The action is set in what looks convincingly like a Catholic seminary, where Our Guys are studying to be priests or ministers, taking all the expected subjects like Hebrew and Greek. Our Guys have Japanese names, naturally, not because this actually is intended to show a real-life seminary somewhere in Japan but because the Japanese notion of reality is a bit more fluid than westerners find congenial. But the emotional action is as real (and lowkey dull) as life: guy A gets the hots for guy B, guy A puts the tentative moves on him, nothing happens, guy A angsts a bit, guy A tries forcing the issue, guy B doesn't protest, and all goes happily except that the Archbishop is suspicious of guy B's proclivities (on the principle of 'It takes one to know one'); and inevitably someone sees guy B leaving guy A's room in the early morning. The authorities burst in and find the two in flagrante delicto, and at this point I stopped reading for a week. I didn't feel like going through yet another realistic confrontation between doomed gay lovers and the hypocritical powers of the church, state or whatever. If I must have doomed lovers, I want them doomed for the same reason as straight lovers would be, and not just because some sentimental straight artist thinks gays look so romantic in their martyr's crowns. 

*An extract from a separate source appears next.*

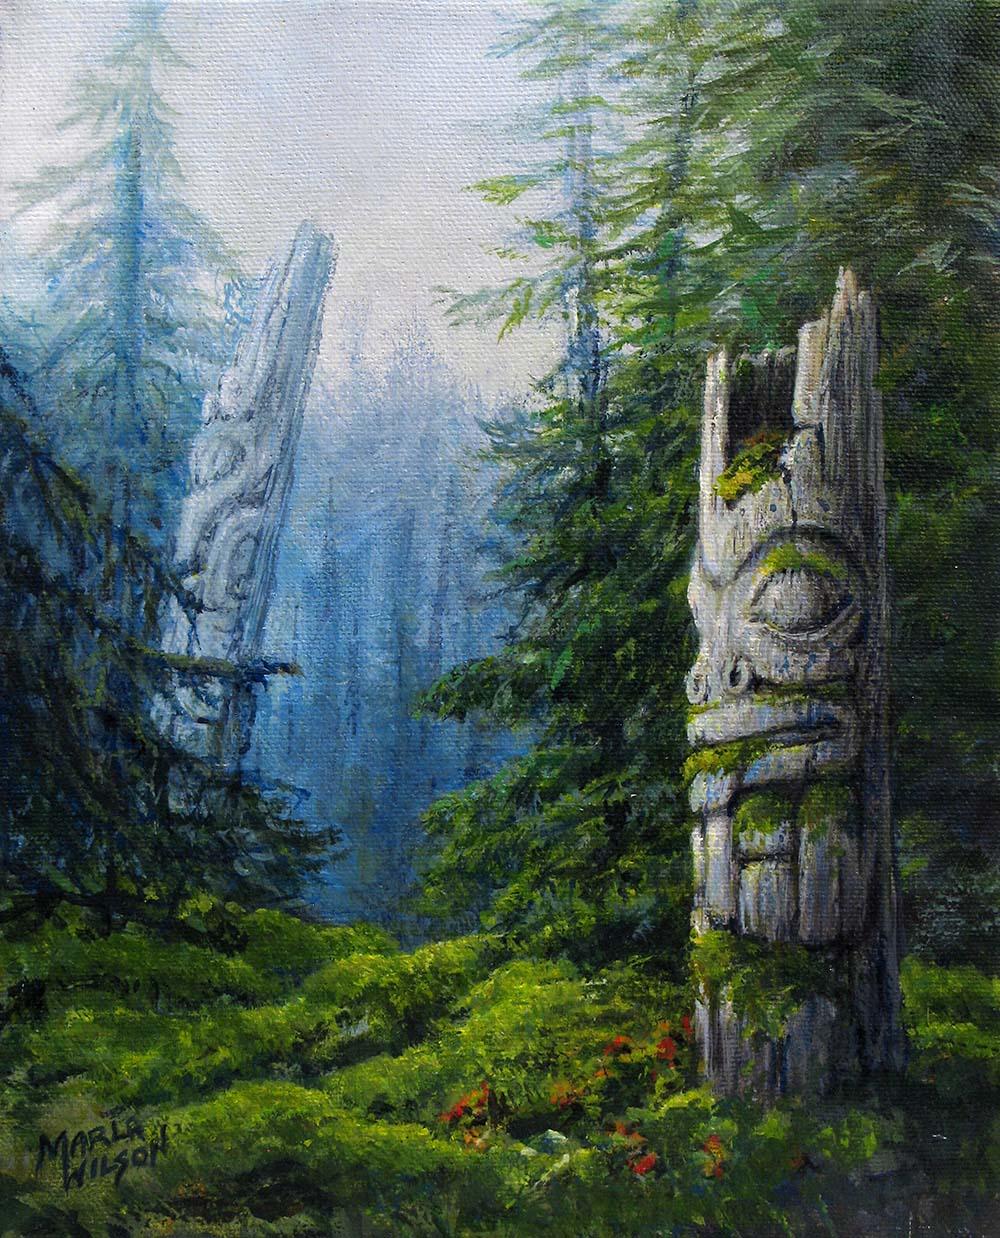 Haida - Marla Wilson

Well, I reckoned without that fluid Japanese notion of reality. Our Guys come up for their inquisition bound in chains, which are not standard equipment in most Catholic seminaries. Suddenly we're out of institutionalized homophobia and into grand opera: the last act of Aida, for choice. Guys assert their love for each other in ringing sentences, even fighting a bit when it comes to grabbing responsibility for who seduced whom. 'I forced myself on you- you were resisting!' 'That was just to encourage you to keep on doing it!' (Analysts of the 'Iya dame' uke syndrome, take note.) Both insist that the death penalty prescribed by Leviticus must be given to him alone. Archbishop sentences Guy B, the uke, to the death penalty, which isn't, exactly. It's more like an Anglo-Saxon ordeal to establish innocence. There's a machine that induces hallucinations during the dream state. Guy dreams that he's being chased by wild dogs to the edge of a cliff. If he stays at the cliff's edge, the dogs will devour him but he'll wake up unhurt, and both guys will be allowed to leave. If he falls over the edge he'll never wake up. 

Guy B dreams as promised. The dogs are ripping his flesh. What the Archbishop hasn't told him, but does tell Guy A as they watch the sleeping body, is that Guy B will see his lover standing in mid air below the cliff's edge and urging him to jump. Archbishop knows this because he went through the same ordeal in his student days. He'd always done what his lover wanted, but only because he was afraid of being discarded. When it came to the crunch, he didn't trust his lover enough to jump over the cliff's edge-- and so eventually he got to be Archbishop. Archbishop says the experience will make Guy B realize how shallow his love really is, and that will be the end of it. This ordeal is intended to show both of them what really lies behind all those noble phrases of theirs- self-deception and lust that will finally be shown up for what it is. Guy A says calmly that Guy B will wake up unharmed. Guy B was never the kind to do what Guy A told him to, and Guy A always knew it-- so of course he never tried telling him.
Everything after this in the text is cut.